CPU times: user 1.49 ms, sys: 1.23 ms, total: 2.72 ms
Wall time: 2.35 ms


In [0]:
def radius_eq20(beta, theta, lmbda_t, lmbda_t_1, r_lmbda_t_1):
  """
  Parameters
  ----------

  beta: numpy.array, shape = (n_features, )
        primal optimal parameters vector

  theta: numpy.array, shape = (n_features, )
         dual optimal parameters vector

  lmbda_t: float
           regularization parameter at iteration t

  lmbda_t_1: float
             regularization parameter at iteration t-1
  
  r_lmbda_t_1: float
               radius related to the regularization parameter lmbda_t_1

  Returns
  -------
  r_lmbda_t: float
             radius related to the regularization parameter lmbda_t 
  """

  r_square_lmbda_t = (lmbda_t_1/lmbda_t)*r_lmbda_t_1**2 + (1 - lmbda_t/lmbda_t_1)*np.linalg.norm((X @ beta - y)/lmbda_t)**2 - (lmbda_t_1/lmbda_t - 1)*np.linalg.norm(theta)**2
  r_lmbda_t = np.sqrt(r_square_lmbda_t)

  return r_lmbda_t

In [0]:
def R_primal(X, y, beta, lmbda):
  """
  Parameters
  ----------
  
  X: numpy.ndarray, shape=(n_samples, n_features)
     features matrix

  y: numpy.array, shape=(n_samples, )
     target labels vector 

  beta: numpy.array, shape=(n_features, )
        primal optimal parameters vector

  lmbda: float
         regularization parameter

  Returns
  -------

  R_hat_lmbda: float
               primal radius of the dome
  """

  R_hat_lmbda = (1/lmbda)*np.max(np.linalg.norm(y)**2 - np.linalg.norm(np.dot(X, beta) - y)**2 - 2*lmbda*np.linalg.norm(beta, 1), 0)**(1/2)

  return R_hat_lmbda

## Test Cell

In [13]:
R_hat_lmbda = R_primal(X, y, beta, lmbda)
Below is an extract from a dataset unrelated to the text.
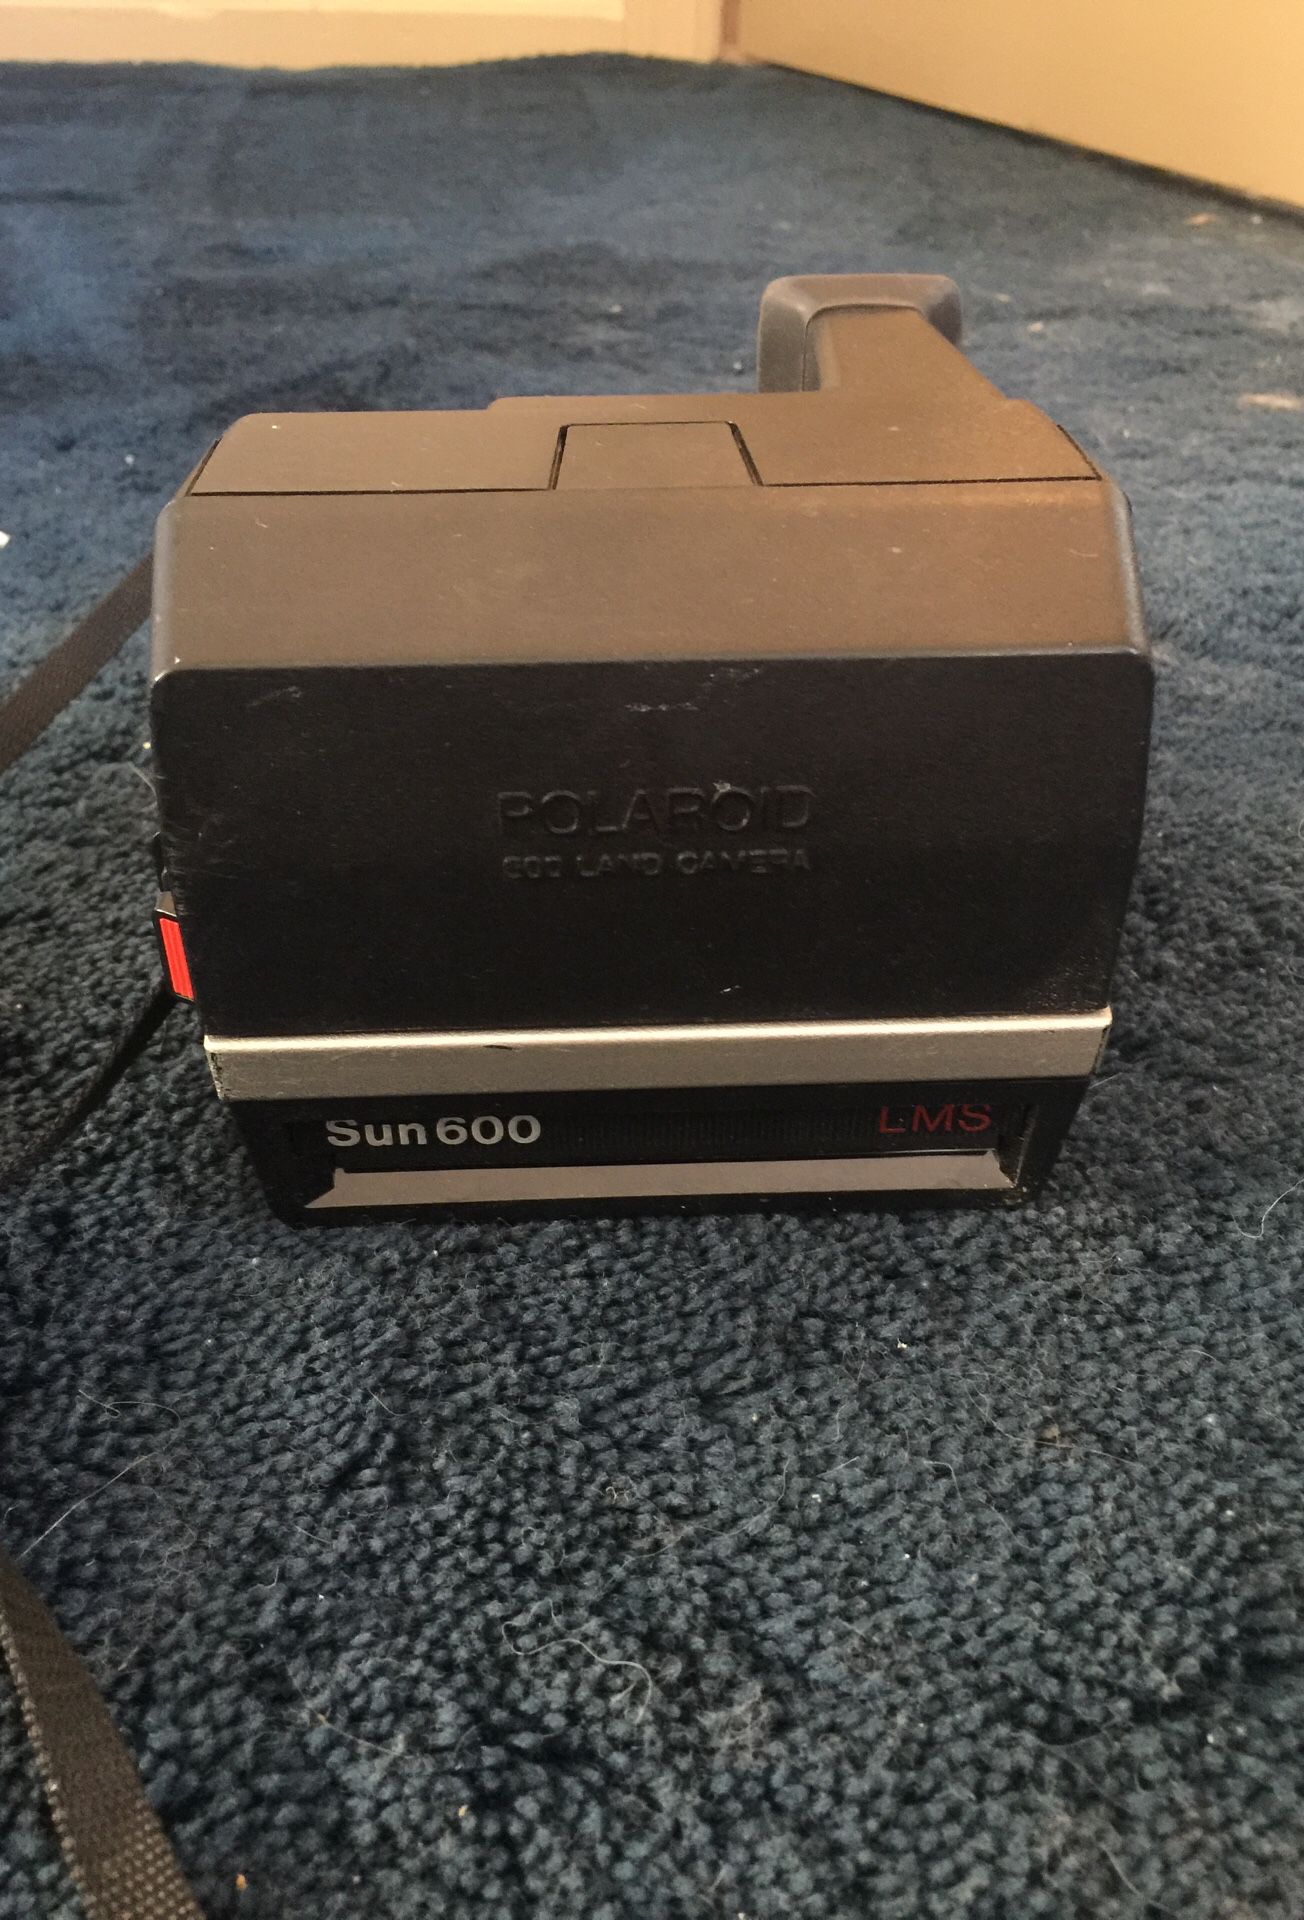 Polaroid sun 600 camera

print("R primal (R_hat_lmbda) : \n", R_hat_lmbda)

R primal (R_hat_lmbda) : 
 3464.8358952601366


In [0]:
def R_dual(y, theta, lmbda):
  """
  Parameters
  ----------
  
  y: numpy.array, shape=(n_samples, ) 
     target labels vector 

  theta: numpy.array, shape=(n_features, )
        dual optimal parameters vector

  lmbda: float
         regularization parameter

  Returns
  -------

  R_inv_hat_lmbda: float
                   dual radius of the dome
  """

  R_inv_hat_lmbda = np.linalg.norm(theta - y/lmbda)

  return R_inv_hat_lmbda

## Test Cell

In [15]:
R_inv_hat_lmbda = R_dual(y, theta_k, lmbda)

print("R dual (R_inv_hat_lmbda) : \n", R_inv_hat_lmbda)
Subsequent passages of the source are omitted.